Joyce and Loneliness

Shrek | fictional character | Britannica

This week we read Dubliners by James Joyce, and one short story in particular titled A Painful Case is about a man named Mr. Duffy who has condemned himself to loneliness after rejecting the one person who he considered a companion.

His character reminded me of my favorite childhood movies, Shrek, where the titular ogre Shrek lives alone in isolation in his swamp. Like Mr. Duffy, Shrek has a disdain for the general public and thinks of them as bothersome. Also similarly to Mr. Duffy, Shrek thinks that he enjoys his solidarity and spurns most attempts at connecting with any others, but deep inside he knows that he is lonely. At the start of the movie, Shrek is very isolated until his swamp is disturbed by an enormous amount of fairy tale creatures who have been dumped there by Lord Farquaad. This angers Shrek, and he goes out to find Lord Farquaad in the city of Duloc to reclaim his swamp. The short lord strikes a bargain with him that if he can retrieve the Princess Fiona from her dragon guarded tower, he will remove the fairy tale creatures from his swamp.

So Shrek sets out, with an equestrian companion named Donkey that he is unable to get rid of. Shrek rejects Donkey’s attempts at friendship and is quite acidic toward him, but Donkey is He and Donkey eventually reach the tower, where they rescue Fiona and Donkey meets his future wife Dragon. Shrek and Fiona bond during their journey back to Duloc, and eventually fall in love with each other. However, Fiona is hiding a very big secret- that she is cursed to turn into an ogress at night, and that only a kiss from her true love will break the curse. This secret leads to a misunderstanding between the couple when Fiona woefully reveals to Donkey that she thinks she is ugly and unlovable, which Shrek overhears, and assumes the comment is about him. This comment cuts him deeply, as he has always been judged and prejudiced by his outer appearance. As a reaction, he shuns his romance with Fiona and dutifully brings her back to Duloc. But just as Fiona is about to wed Lord Farquaad, Donkey yells at Shrek for letting go the love of his life, and Shrek barges in to object to the wedding. Shrek and Donkey, with the help of Dragon, then defeat Lord Farquaad. Shrek kisses Fiona, and she transforms into an ogress permanently, and they get married in the swamp!

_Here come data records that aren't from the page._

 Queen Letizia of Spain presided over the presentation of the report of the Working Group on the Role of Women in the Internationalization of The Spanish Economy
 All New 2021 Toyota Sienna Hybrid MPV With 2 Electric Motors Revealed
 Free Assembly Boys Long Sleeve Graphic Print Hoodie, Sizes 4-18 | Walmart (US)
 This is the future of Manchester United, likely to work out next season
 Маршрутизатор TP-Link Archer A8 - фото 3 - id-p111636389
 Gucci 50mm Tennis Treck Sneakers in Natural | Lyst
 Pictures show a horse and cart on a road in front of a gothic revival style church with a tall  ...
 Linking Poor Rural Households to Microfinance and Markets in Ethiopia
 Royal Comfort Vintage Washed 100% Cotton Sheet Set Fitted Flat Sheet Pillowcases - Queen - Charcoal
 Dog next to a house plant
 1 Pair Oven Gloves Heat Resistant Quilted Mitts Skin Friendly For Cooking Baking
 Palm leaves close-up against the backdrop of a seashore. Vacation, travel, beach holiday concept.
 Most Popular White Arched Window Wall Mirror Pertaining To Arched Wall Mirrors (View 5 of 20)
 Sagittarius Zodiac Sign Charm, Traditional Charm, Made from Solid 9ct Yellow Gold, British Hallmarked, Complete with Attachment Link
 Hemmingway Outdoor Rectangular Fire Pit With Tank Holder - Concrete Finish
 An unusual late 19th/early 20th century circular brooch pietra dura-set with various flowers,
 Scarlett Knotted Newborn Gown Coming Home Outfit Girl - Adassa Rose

While Shrek was able to achieve a happy ending, the grittier, harsher, and more realistic story of Mr. Duffy did not. At the end of A Painful Case, Mr. Duffy is left alone with nobody, and even when he comes to the realization that he is painfully lonely he simply accepts his current situation as his fate. The future that Mr. Duffy has laid out for himself would have been Shrek if Donkey was not so persistent about forcing Shrek to interact with people. Shrek originally isolated himself because deep down, he felt that nobody would accept him and that he was inherently unlovable. This makes me curious if Mr. Duffy’s self isolation stems from the same suppressed feelings as Shrek, where he shuts himself off from others first before others can do it to him. The ending of A Painful Case made me so sad because instead of doing something about his situation, Mr. Duffy just resigns himself to silence and loneliness. This could be because he prefers the familiarity of his loneliness over the unpredictable situation of putting himself out there to change his fate. He has the ability to improve his life but is preventing himself from doing so. While the end of Shrek is a victory, the end of A Painful Case is defeat, and it is a harsh outcome that is hard to swallow.